I suspect the RAM patches may not need to be RAM, but I want to keep it working as near to the original for compatibility reasons.

2023-09-07

Spent a long time thinking.

I think I can get the memory decoder working in a way compatible with the G007 board.

Ian Bradbury's design uses an ATV750 which is like two 22V10 chips in one package, and each output macrocell can have its own clock and set/reset signals.
His logic makes much use of the latter, which is useful because the ZX80 circuit also has multiple clocks and set/reset signals. For that reason I am currently keeping the 74HC74 D-type latches.

The HSYNC logic of the ATV750 will not fit in a 22V10, so I decided to use a 74HC393 counter and a 22V10.

At this point I wonder if I am actually saving much by using PAL chips, but I am saving many chips and even more if I integrate the pixel graphics board as well.

Andy Rea's ULA replacement design is interesting. There is no /RFSH signal to the ULA so obviously this has to be recreated inside. Andy uses a 3-bit counter that is reset by the /M1 signal and clocked by twice the CPU clock. We know when refresh occurs after /M1, and thus when to force a NOP instruction on the bus.

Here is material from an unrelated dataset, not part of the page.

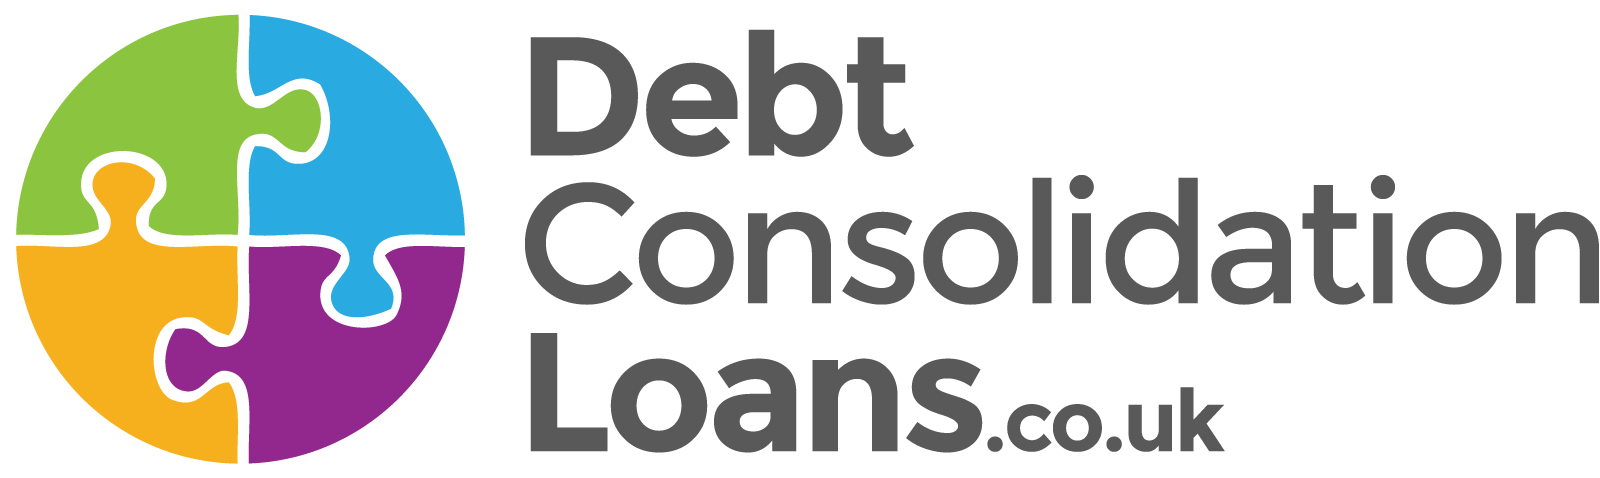 Debt Consolidation Loans UK | Debt Consolidation S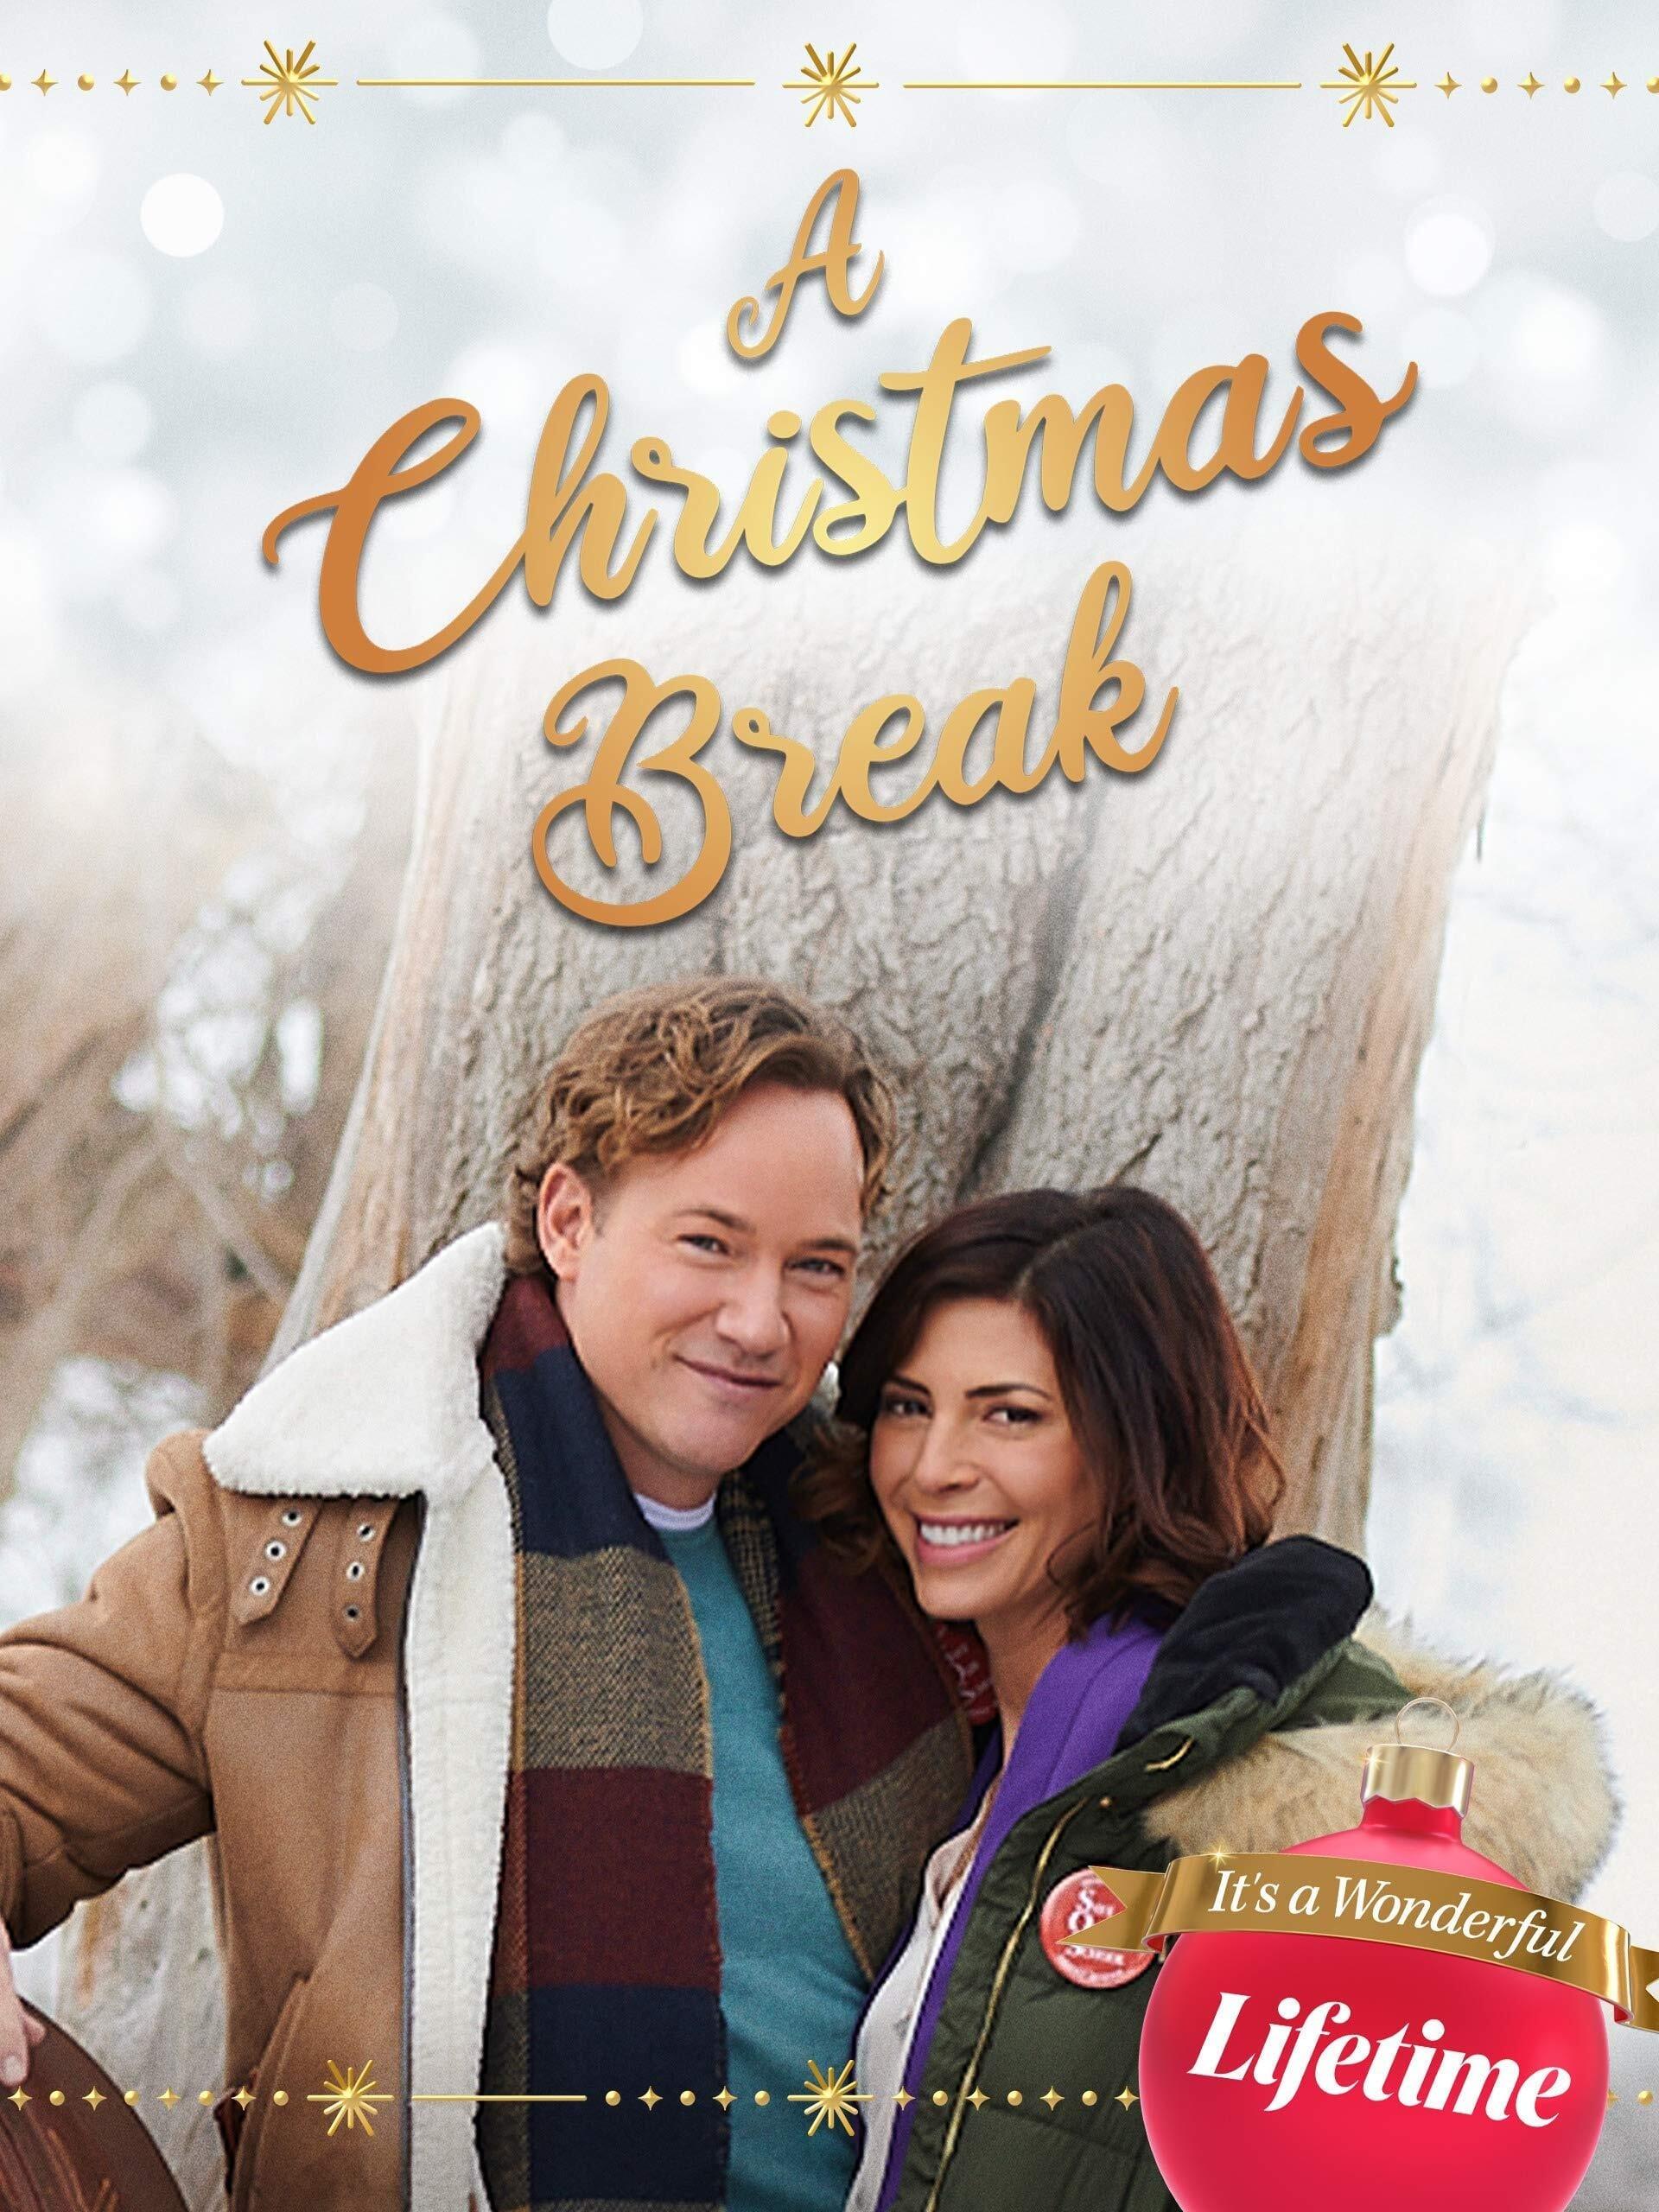 A Christmas Break poster

It seems there are several ways to implement the ZX81 logic.

2023-09-08

Had  look at my genuine original ZX81 board to see why it was not working.
I printed out the circuit and went to work with a meter and highlighter pens.
I noticed that some of the data lines do not connect between the RAM and the ROM.

Either my meter is faulty or many connections are faulty. 
Have the solder joints started going dry from age?

With this many faults, I'm considering buying a replacement because this will be cheaper in the value of my time.

Meanwhile, I shall set it aside and proceed with using the ZX80 board, which is at least running ZX81 BASIC.

I suspect I was in the middle of modding my boards to use a single ROM, and didn't leave it in a working condition.

2023-09-10

Installed WinCUPL on an old Intel i3 laptop. It is slow, but maybe upgrading it to an SSD might fix that. Right now, compiling small GAL chips is not a processor-intensive task. 

I started it compiling logic so I shall be able to try some experiments soon.